> ACTION ITEM
Set down the entries exactly as they appear, apart from the images, which stay out.

> DATA
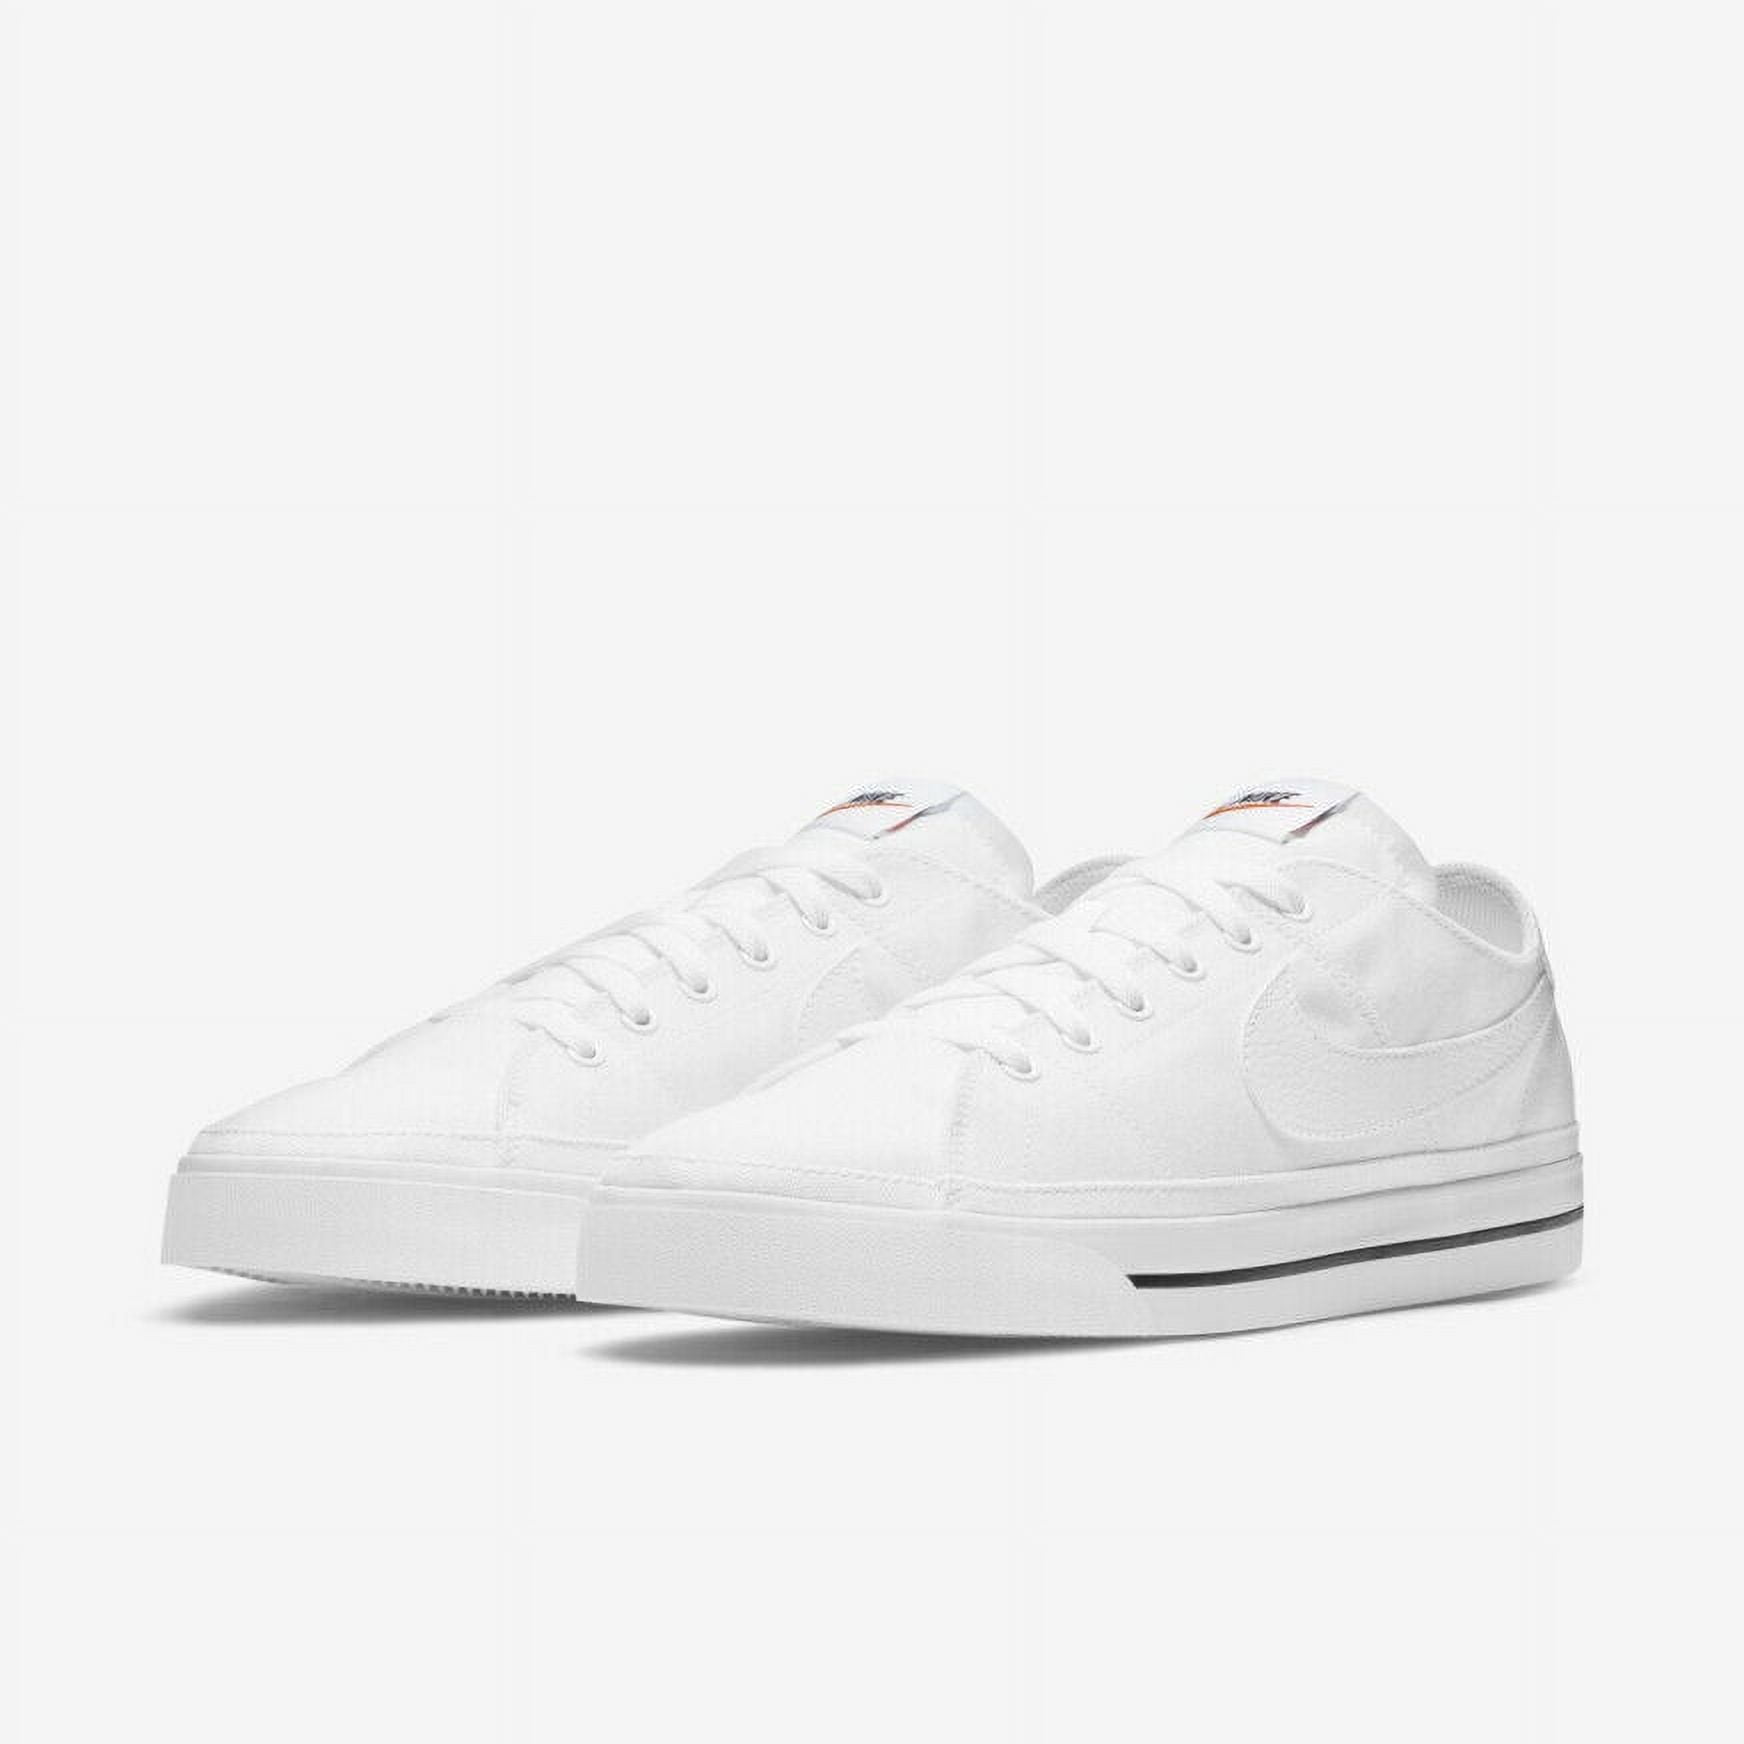 Canvas White Sneakers (10.5) Athletic Shoes TV179 Court CW6539-100 Legacy Men\'s Nike
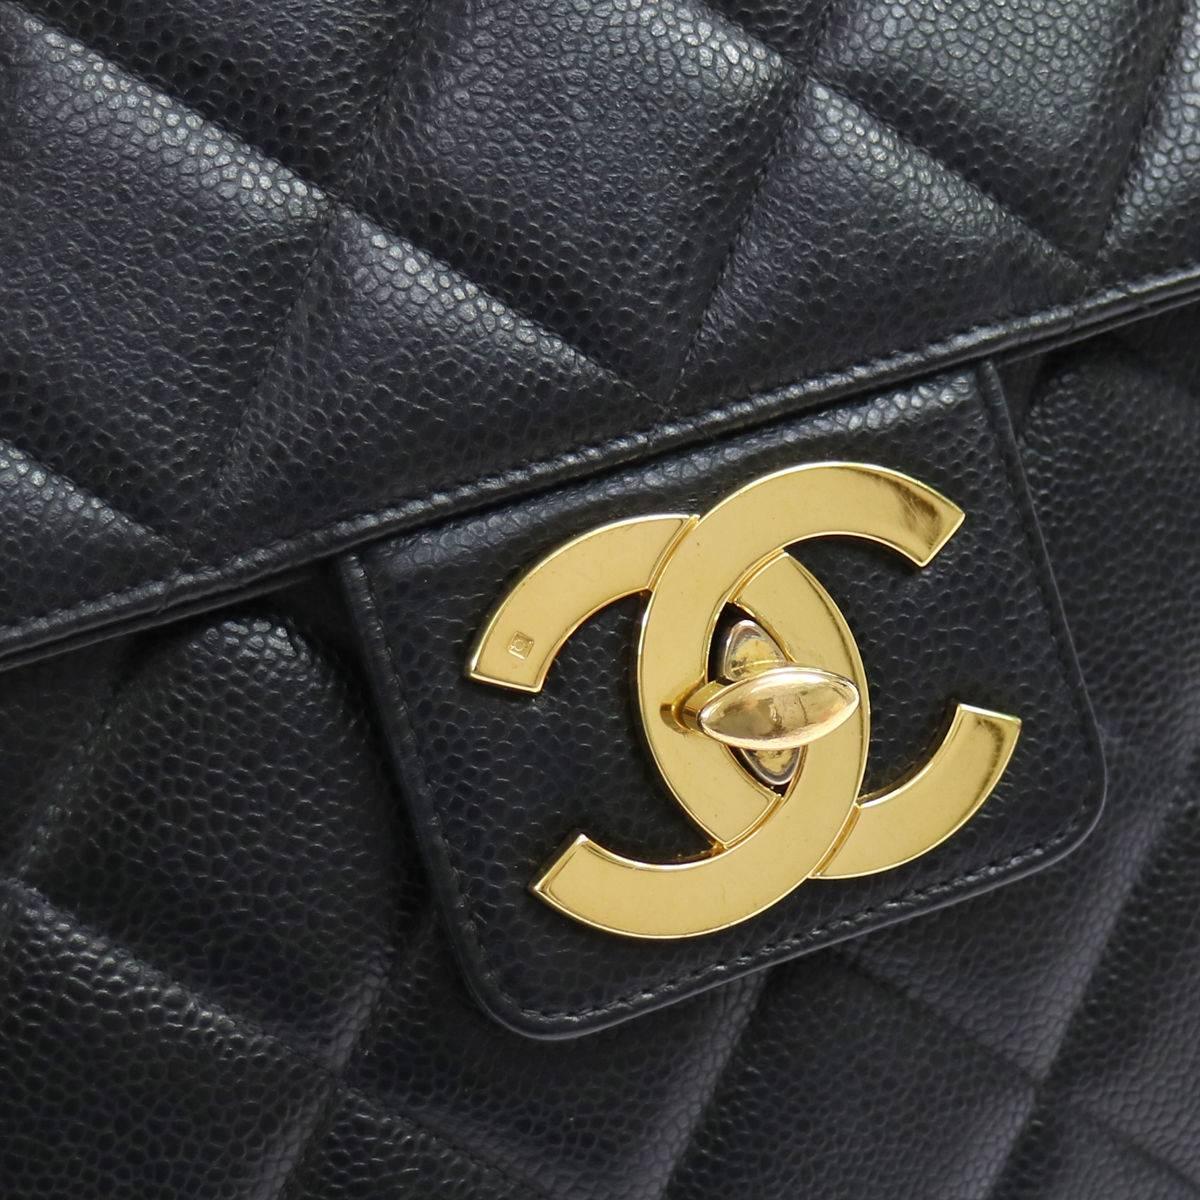 Chanel Caviar Leather Carryall Business Top Handle Travel Brief Briefcase Bag 

Caviar
Gold tone hardware
Turnlock closure
Handle drop 4

> ANSWER TO THIS TASK
 Canvas White Sneakers (10.5) Athletic Shoes TV179 Court CW6539-100 Legacy Men\'s Nike
 Chanel Caviar Leather Carryall Business Top Handle Travel Brief Briefcase Bag 

Caviar
Gold tone hardware
Turnlock closure
Handle drop 4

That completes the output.